(Data for analysis)
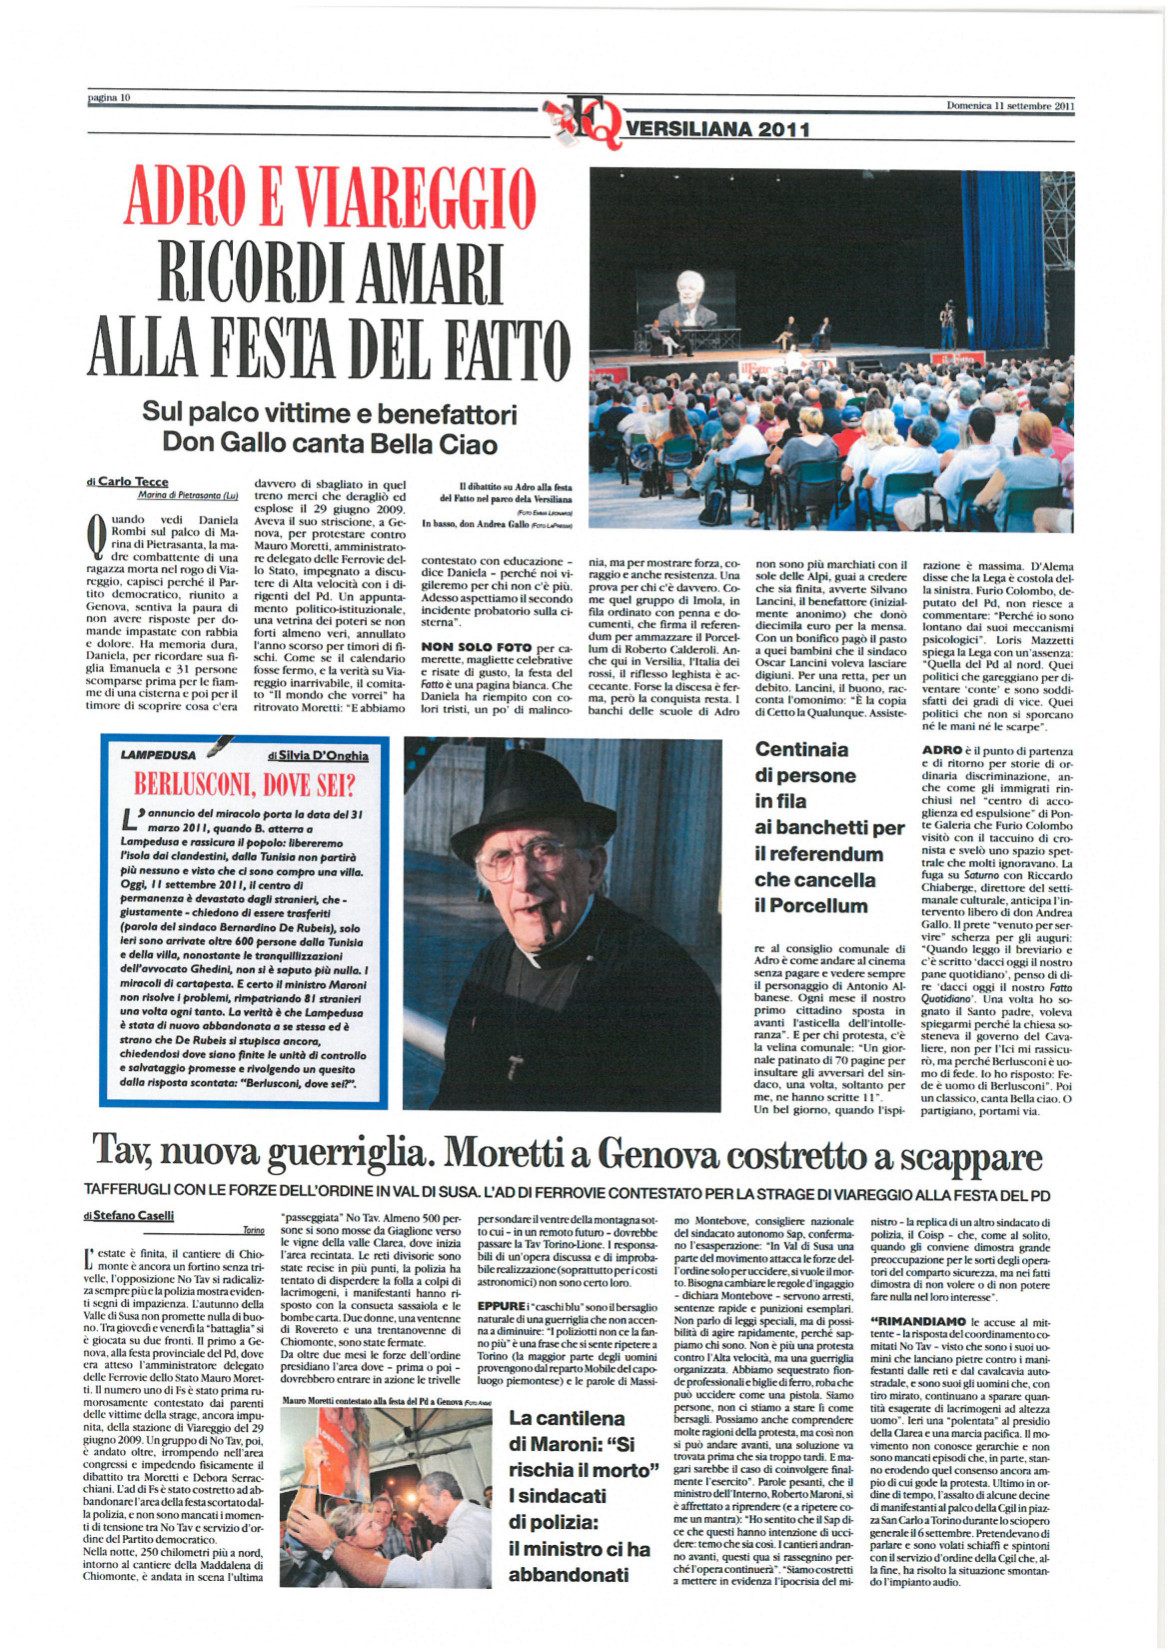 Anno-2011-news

* * *

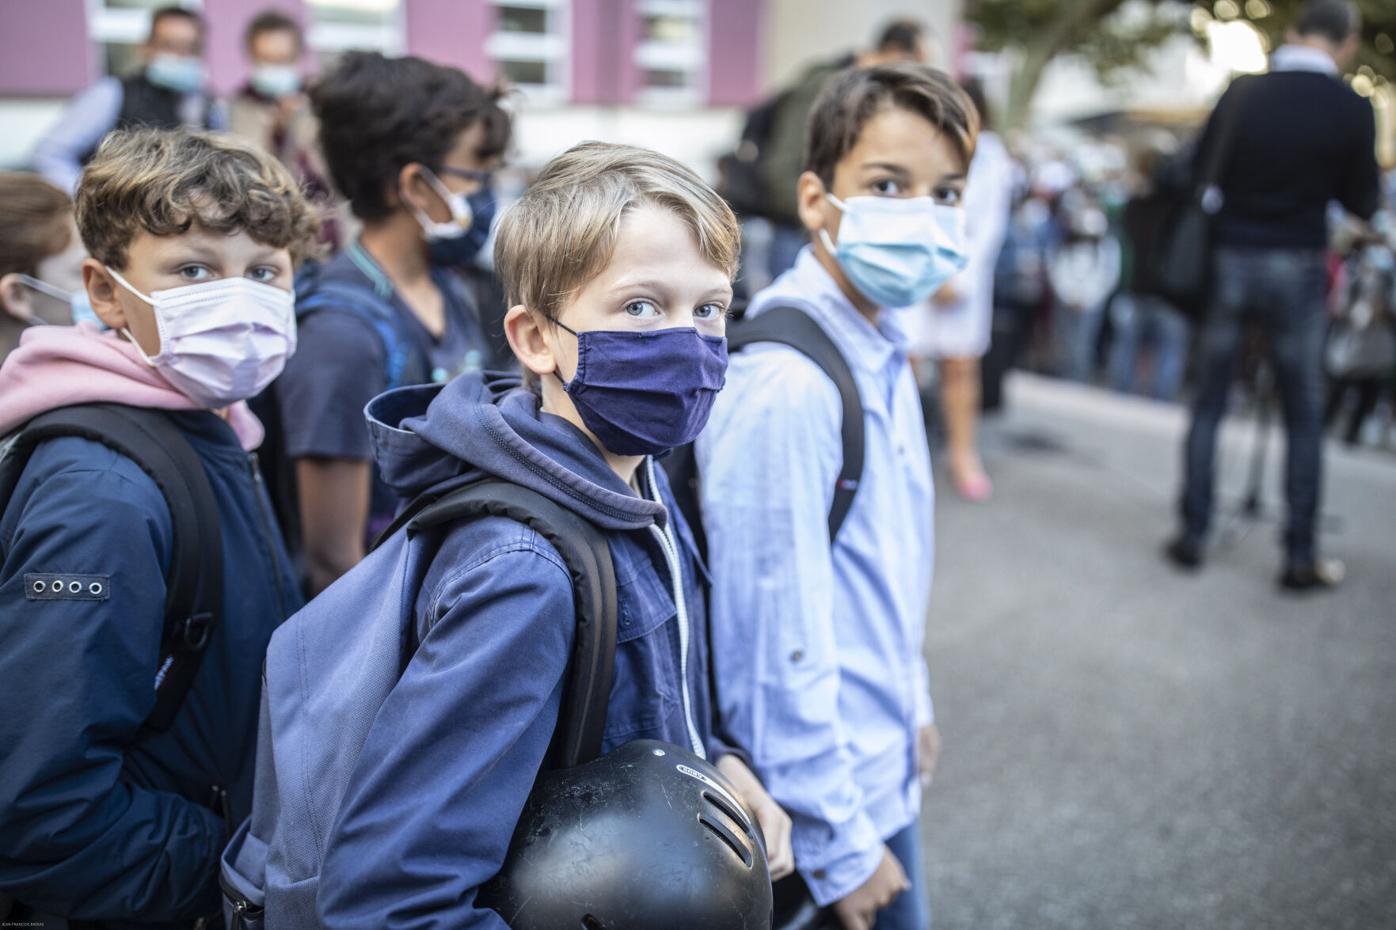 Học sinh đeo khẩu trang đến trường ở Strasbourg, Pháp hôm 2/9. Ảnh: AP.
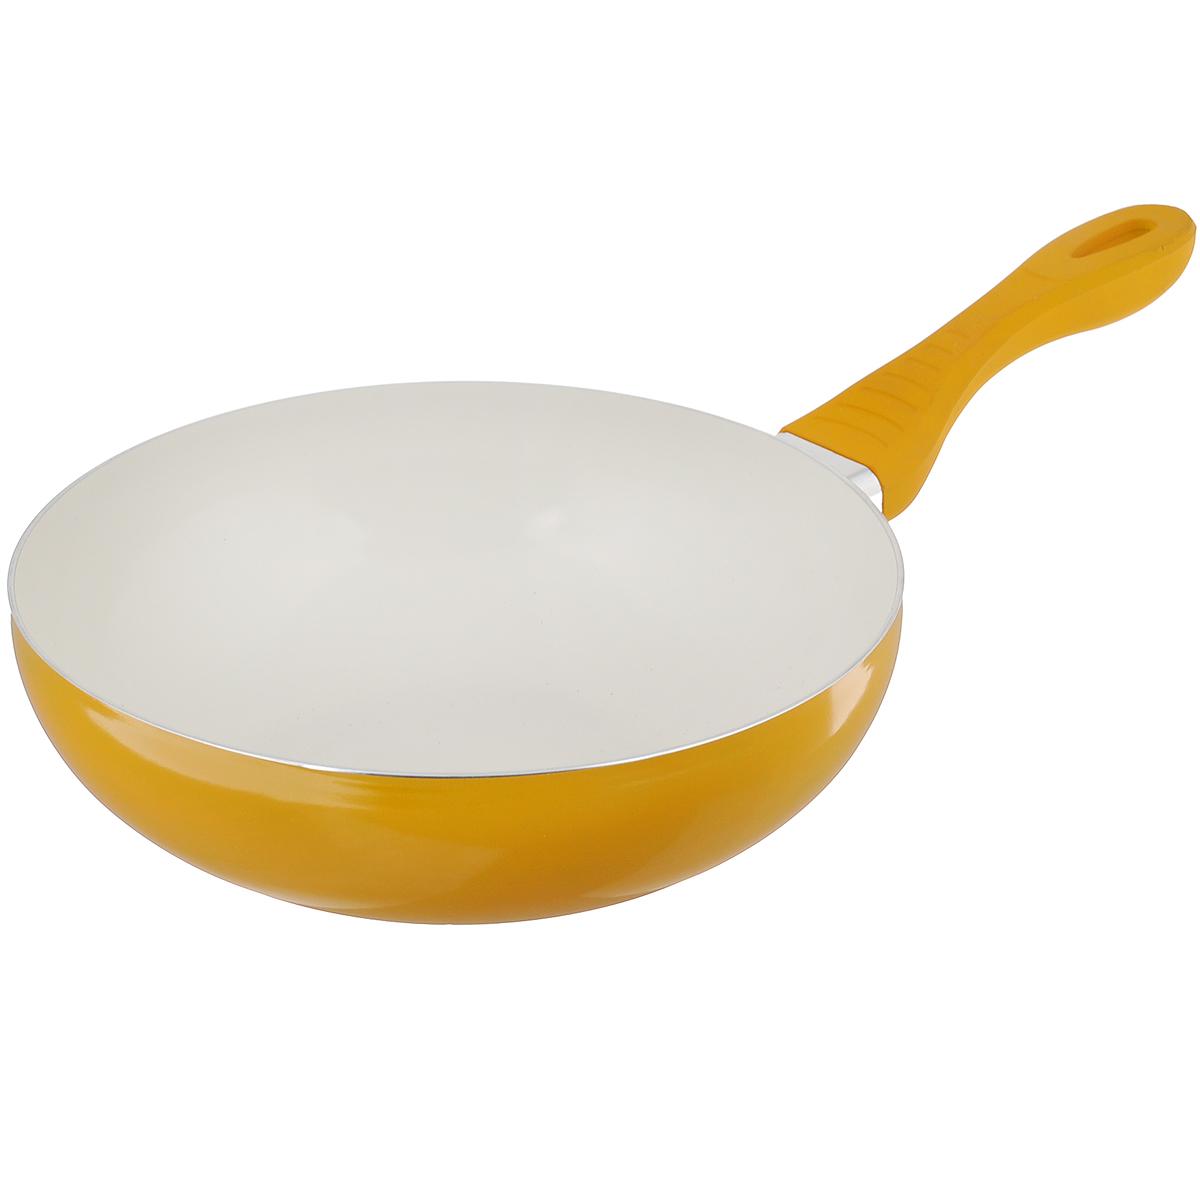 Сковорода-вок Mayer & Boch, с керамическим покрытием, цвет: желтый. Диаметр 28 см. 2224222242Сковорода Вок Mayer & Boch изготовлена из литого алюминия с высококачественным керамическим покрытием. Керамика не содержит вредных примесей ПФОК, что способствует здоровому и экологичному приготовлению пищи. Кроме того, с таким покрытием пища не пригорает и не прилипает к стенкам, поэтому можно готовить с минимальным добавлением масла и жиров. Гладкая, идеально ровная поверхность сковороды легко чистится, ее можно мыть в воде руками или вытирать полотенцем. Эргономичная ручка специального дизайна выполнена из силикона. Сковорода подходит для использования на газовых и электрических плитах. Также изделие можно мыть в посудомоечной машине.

(Required action)
Now transcribe the lines above exactly, starting at the line containing "Học sinh đeo" and ending at the line containing "Сковорода-вок Mayer &", both lines included, pictures excluded.

(Answer box)
 Học sinh đeo khẩu trang đến trường ở Strasbourg, Pháp hôm 2/9. Ảnh: AP.
 Сковорода-вок Mayer & Boch, с керамическим покрытием, цвет: желтый. Диаметр 28 см. 2224222242Сковорода Вок Mayer & Boch изготовлена из литого алюминия с высококачественным керамическим покрытием. Керамика не содержит вредных примесей ПФОК, что способствует здоровому и экологичному приготовлению пищи. Кроме того, с таким покрытием пища не пригорает и не прилипает к стенкам, поэтому можно готовить с минимальным добавлением масла и жиров. Гладкая, идеально ровная поверхность сковороды легко чистится, ее можно мыть в воде руками или вытирать полотенцем. Эргономичная ручка специального дизайна выполнена из силикона. Сковорода подходит для использования на газовых и электрических плитах. Также изделие можно мыть в посудомоечной машине.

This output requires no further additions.